Queen Berlauda’s foreign husband brings war in his wake, along with a clutch of officials who enforce the royal will with violence, torture, and judicial murder. A dragon menaces the realm, and political conspiracy threatens the life of Quillifer’s young patroness, Princess Floria. It’s the traditional job of a knight to fight dragons and rescue princesses, but Quillifer is hardly a traditional knight, and he brings to the job an array of unorthodox skills that dazzles his swarm of rivals, seduces their wives, and threatens to overset the realm.

But there’s a greater menace to Quillifer than deadly political intrigue, for once again he finds himself hunted by the cruel, beautiful, and vengeful goddess Orlanda.

“ . . . chockful of derring-do, blood and thunder, swashbuckling, and other good stuff evocative of Rafael Sabatini, Sir Walter Scott, and the penny-bloods: venomous and dangerous court politesse, reversals, betrayals, cowardice, heroism, illicit sex, allegorical theatrical productions, dangerous hunting expeditions, privateering and, at last, open warfare . . . it’s not precisely a tale of Swords and Sorcery. Rather, you might dub it Rogues and Rogering.” 

                                                            —Paul Di Filippo, on Quillifer

Phil Koop July 4, 2019 at 7:01 pm

Is it true that pre-orders help you in some way? Even if it’s just the e-book? Because, if so, then I will do so immediately.

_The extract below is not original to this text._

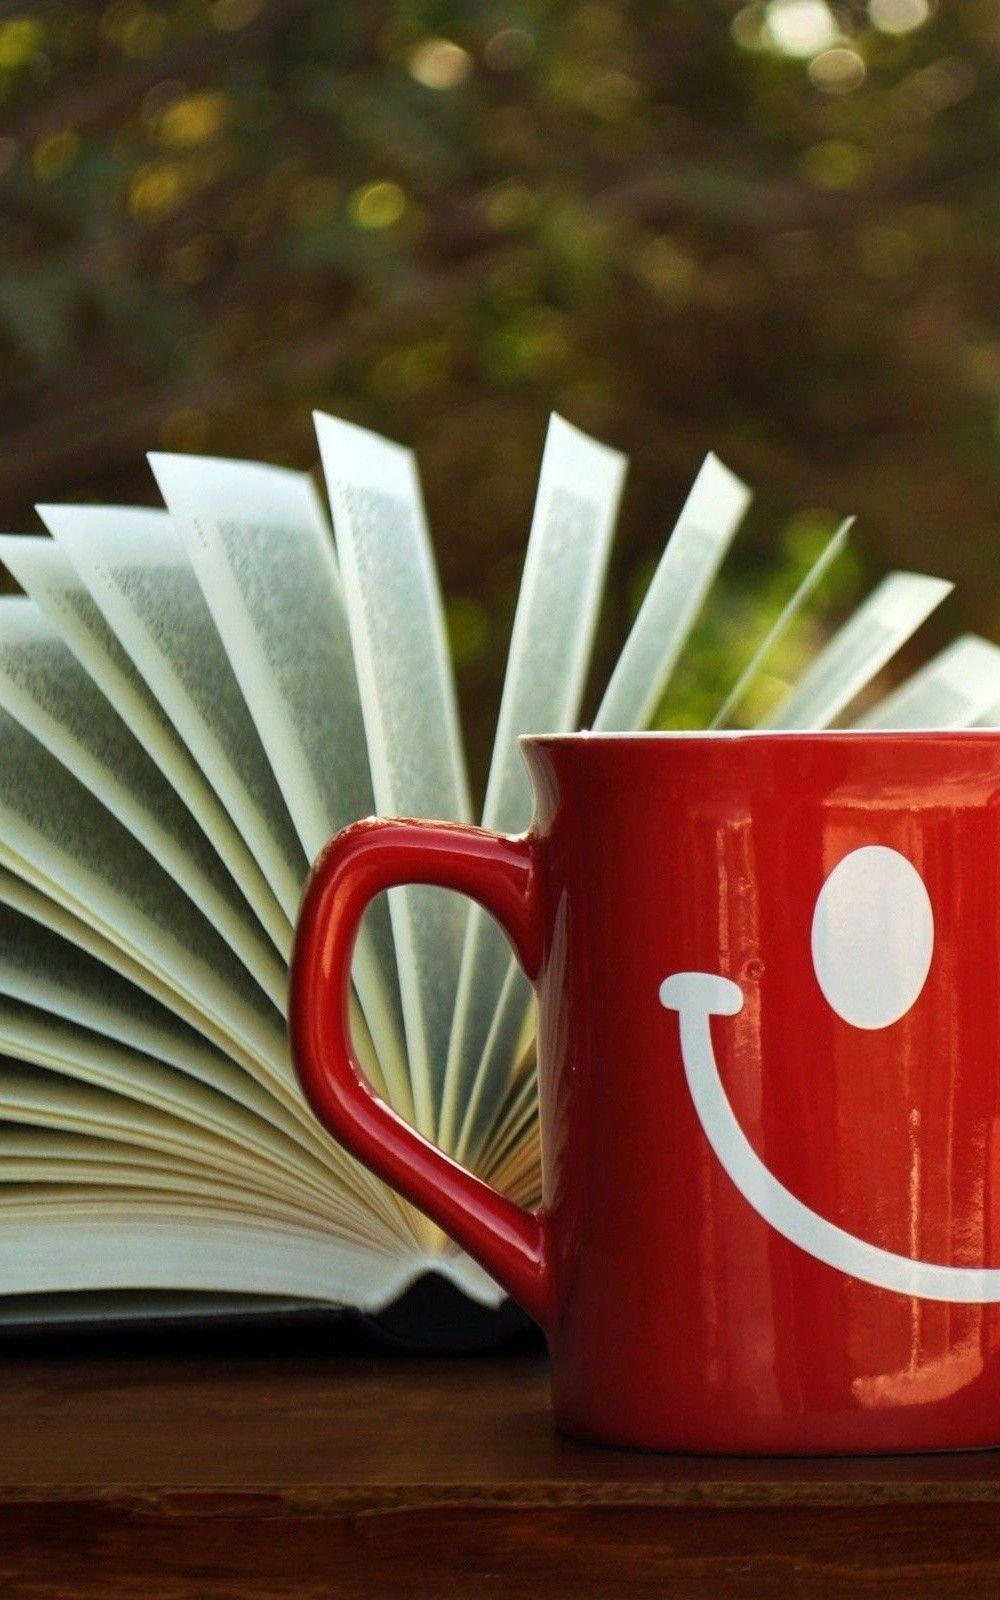 Open Book Red Smile Mug Hd Wallpaper

Otherwise, I don’t see the point, really.

wjw July 4, 2019 at 11:33 pm

I frankly don’t know whether pre-orders help, but they sure don’t hurt.

I suspect if a bookseller gets enough special orders for the hardback or paperback, they might order a few extra to go on the shelves.

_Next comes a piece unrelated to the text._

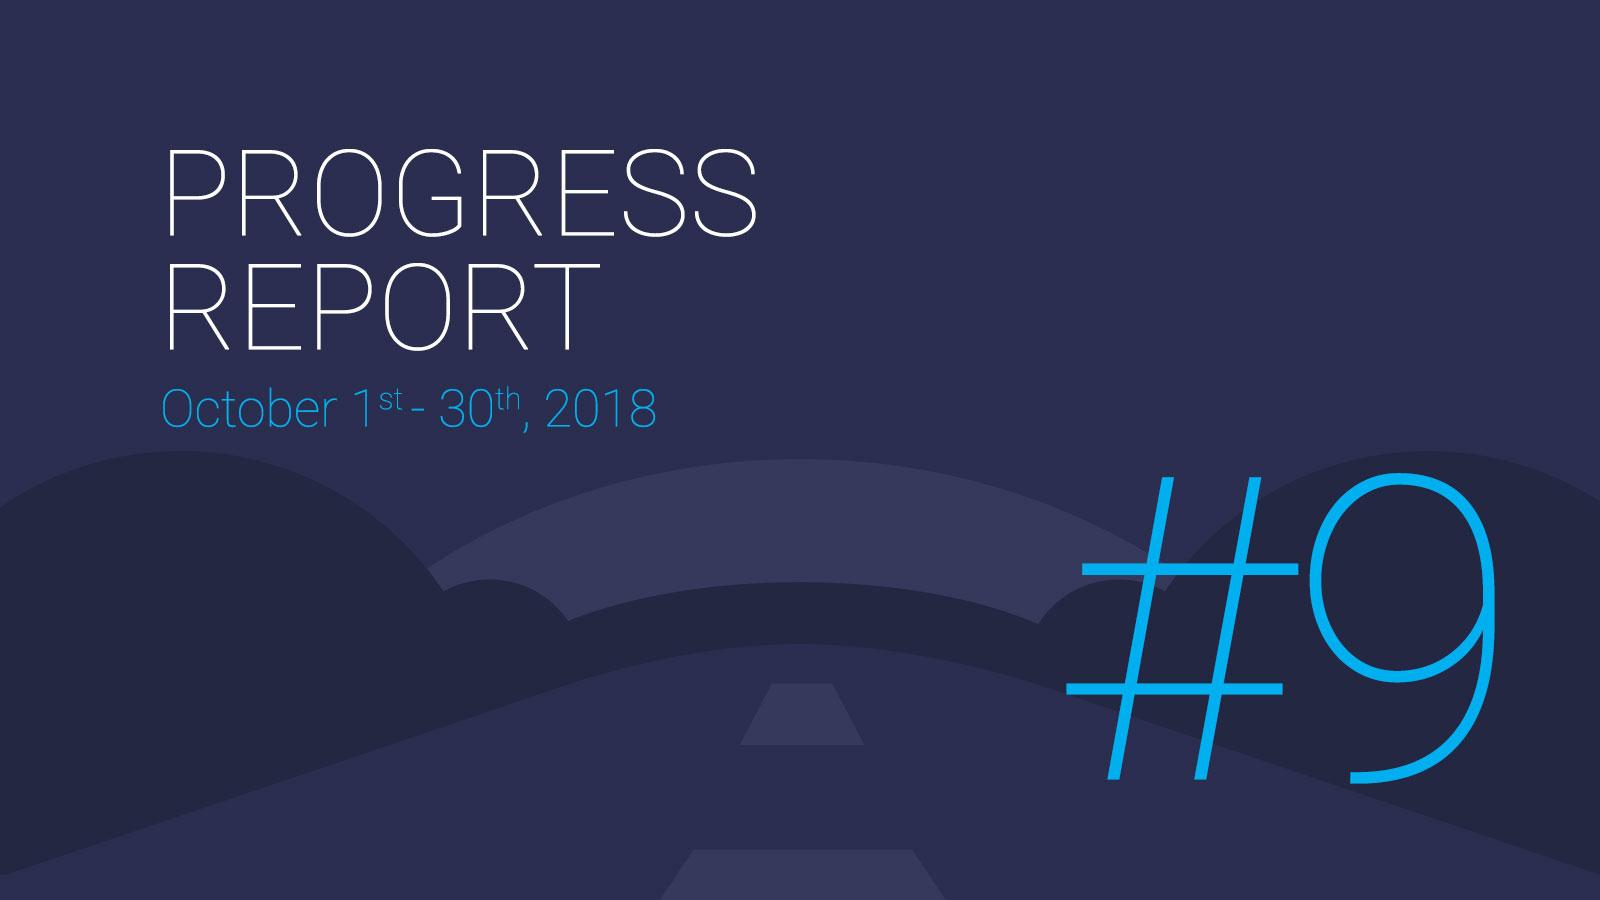 Carco progress report November 2018

Etaoin Shrdlu July 5, 2019 at 4:49 am

Just curious, why print a whole bunch of “advance uncorrected proofs – not for sale”? Surely they could do an electronic “print” to figure out where the typos are.

pixlaw July 5, 2019 at 10:37 am

Shrdlu –

It’s a promo item. They distribute them to booksellers and/or libraries (at times) to gin up interest in the forthcoming book. Some authors actually give out their ARCs via random drawings to (p)lucky readers who write in asking for them. Not that this is a hint or anything, Walter.

wjw July 5, 2019 at 5:31 pm

Uncorrected proofs are normally sent to reviewers well ahead of publication, so that the reviews can be in place when the book appears.